Plus tard, de retour sur le campus de l’UNAM, qui est construit sur le Pedregal juste à l’extérieur de la réserve, Camarena pointe avec dérision une pelouse immaculée. « C’est le paysage de l’Écosse ou de l’Angleterre, pas du Mexique”, dit-il. « Même des centaines d’années après la conquista, nous pensons toujours que le style européen est meilleur que le paysage indigène. »

Zoë Schlanger

Jusqu’à présent, Camarena s’est heurtée principalement à une résistance bureaucratique. Il tient un petit jardin de démonstration de plantes Pedregales — avec l’aide de ses étudiants, car l’université ne voulait pas lui embaucher de jardinier. Sa mère aidait à désherber le jardin, mais ses articulations ne sont plus assez bonnes pour cela. Camarena dit que le syndicat des jardiniers locaux, dont les membres s’occupent des terrains du campus, ne veut pas aider son projet, car il pense que changer les pelouses et les parterres de jardin de l’université en paysages rocheux pleins de plantes pédregales mettrait leurs jardiniers au chômage. Rien à arroser, pas de pesticides à appliquer. Mais, soutient Camarena, cela leur donnerait en fait une sécurité d’emploi: en période de sécheresse intense lorsque l’arrosage des pelouses est réduit, les jardins du campus ne mourraient pas. Le syndicat de jardinage aurait encore quelque chose à entretenir.
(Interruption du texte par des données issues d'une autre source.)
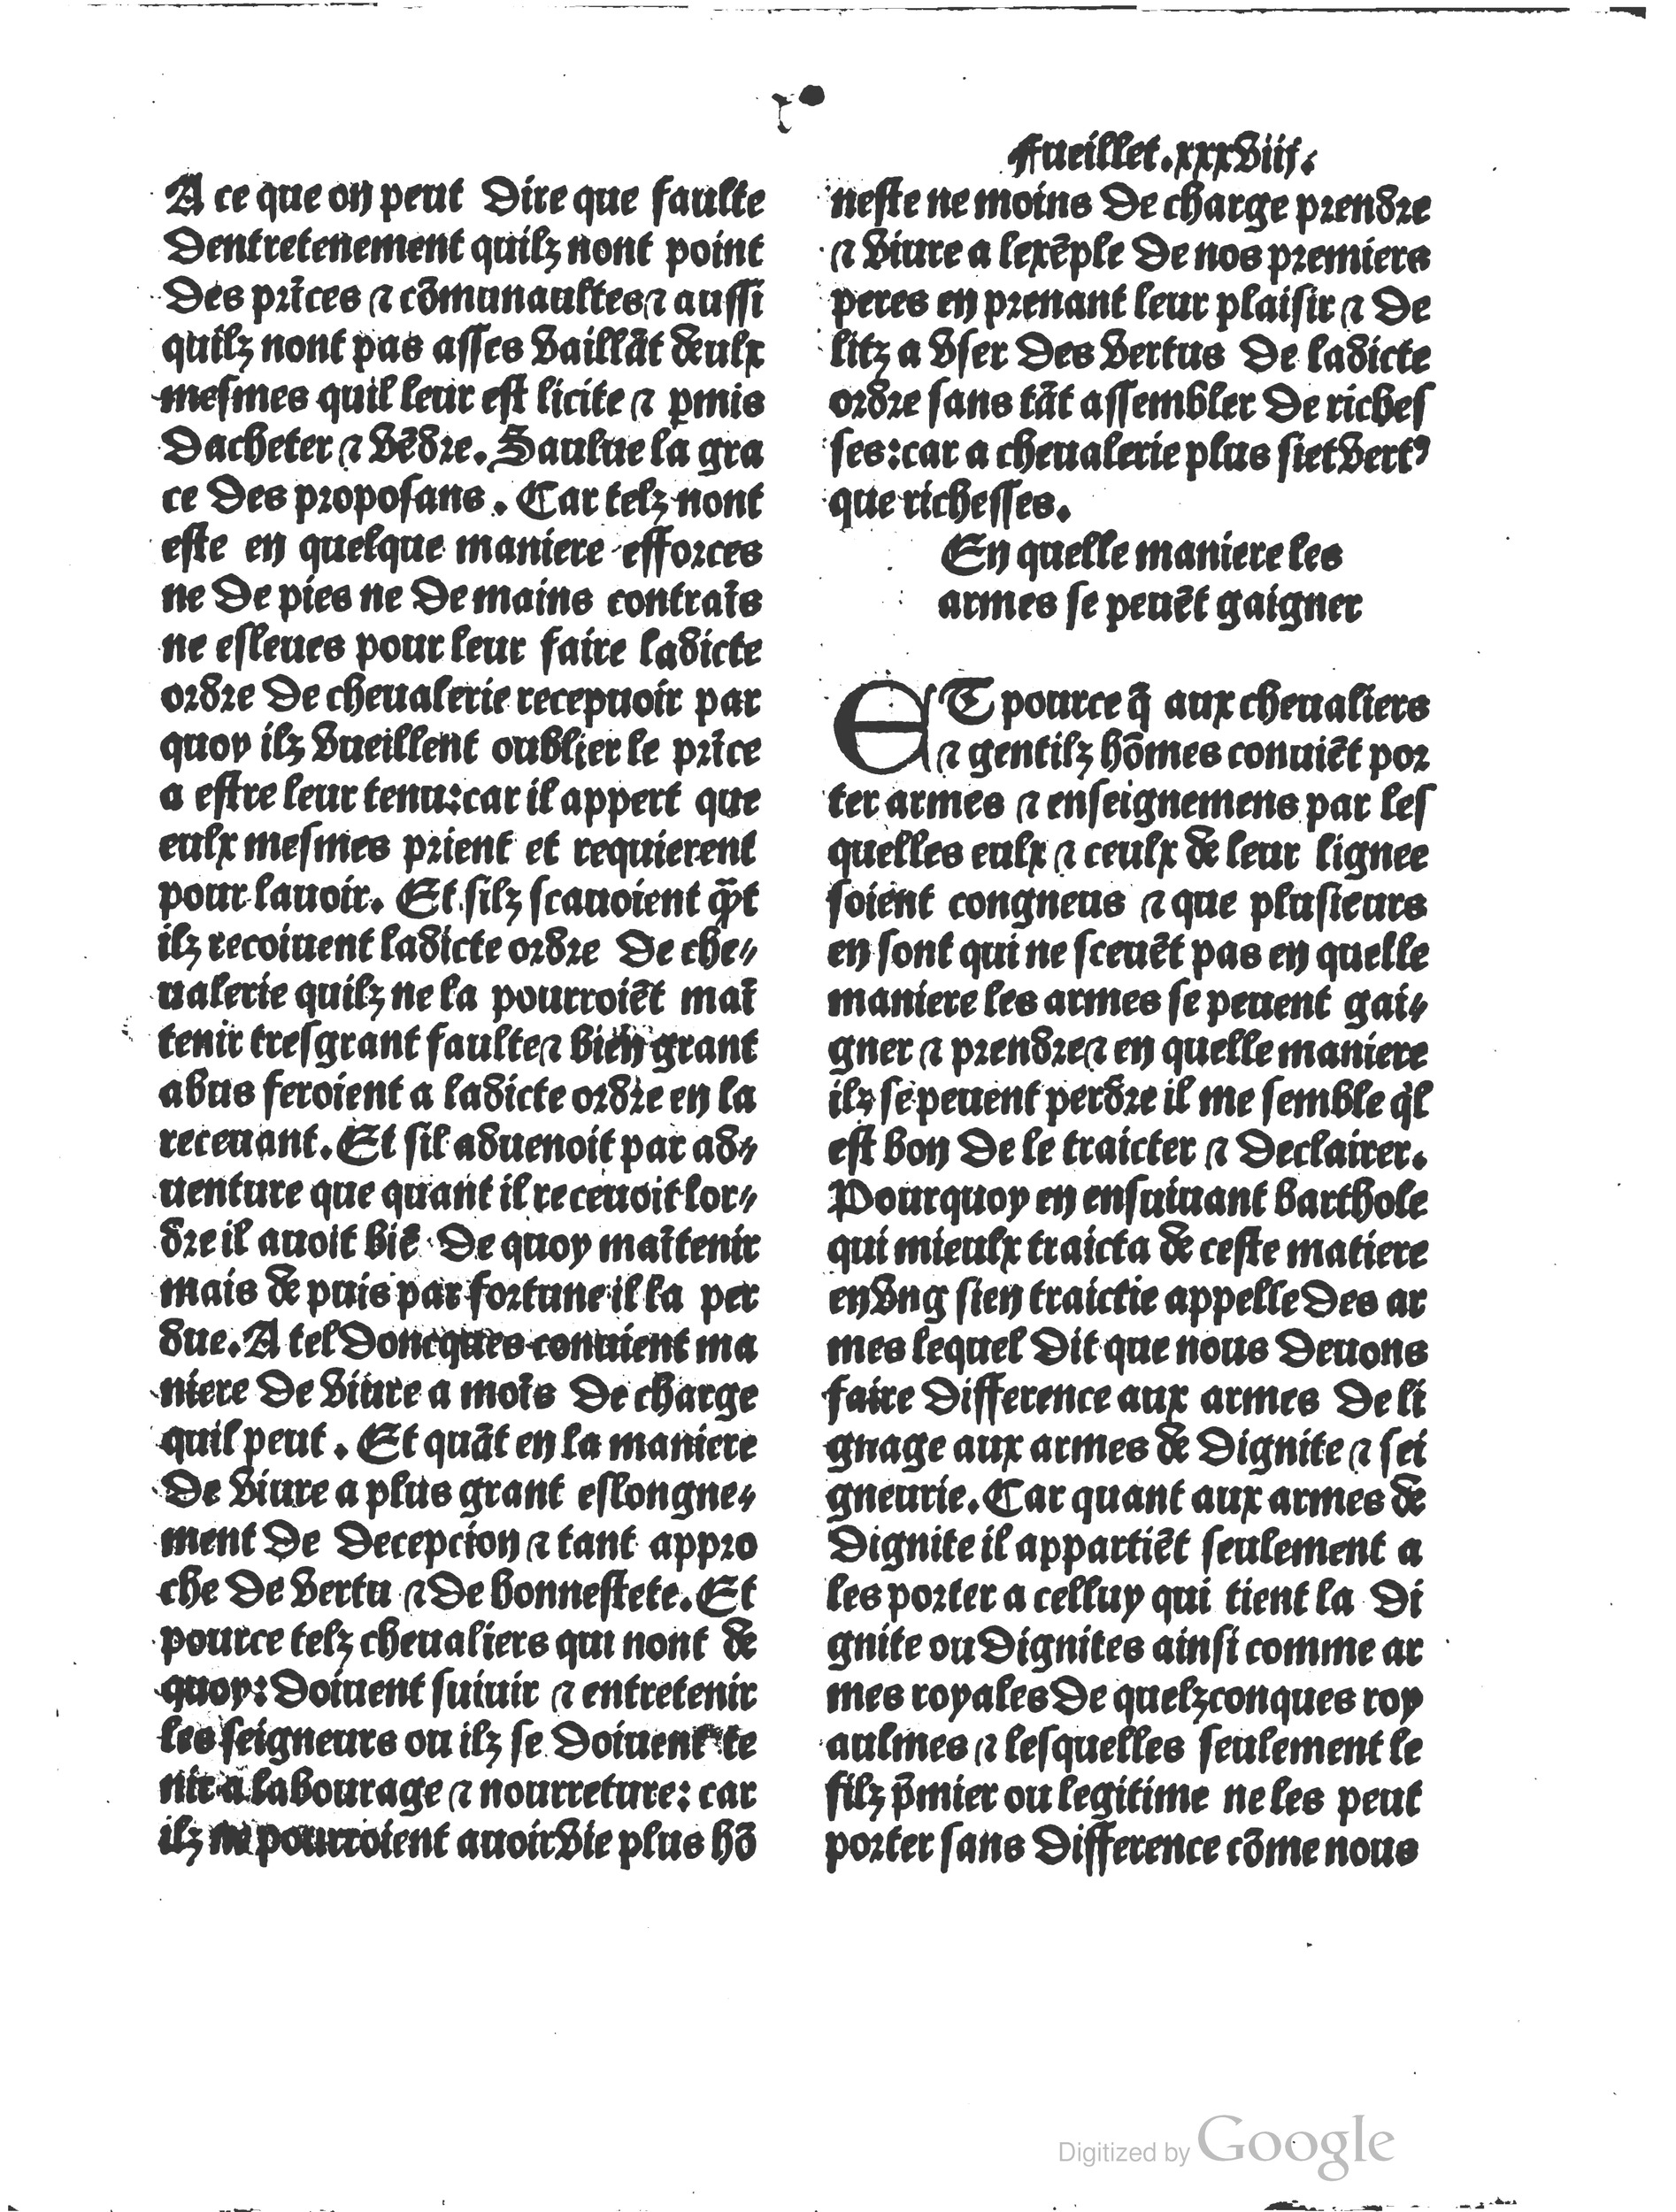 1497 Trésor de noblesse Vérard_BM Lyon_Page_089.jpg

À l’échelle nationale, Camarena n’a pas encore eu beaucoup de chance non plus. Il essaie toujours d’obtenir du financement pour ses recherches. Mais la prochaine élection à la mairie de Mexico pourrait changer les choses. L’eau est une question brûlante, et les campagnes des candidats en témoignent. Prenez Claudia Sheinbaum, ancienne ministre de l’environnement de la ville et actuelle candidate à la mairie du Mouvement national de régénération, qui a présenté une stratégie de l’eau qui promet de replanter les forêts, d’installer des systèmes de captage des pluies sur les maisons et de nourrir la demande massive d’eau de l’agriculture avec de l’eau recyclée au lieu de l’eau potable. Un projet pour exposer d’anciennes coulées de lave tomberait bien dans ce schéma.

Pendant ce temps, le cycle de l’eau privation-inondation se poursuit. Nous sommes en mai et la saison des pluies a commencé, ce qui signifie que dans toute la ville de Mexico, les femmes attendent des livraisons d’eau tout en balayant l’eau des inondations de leur salon. Le Pedregal, quant à lui, fleurit dans les endroits qu’il peut encore.

Rapports supplémentaires de Zoe Mendelson.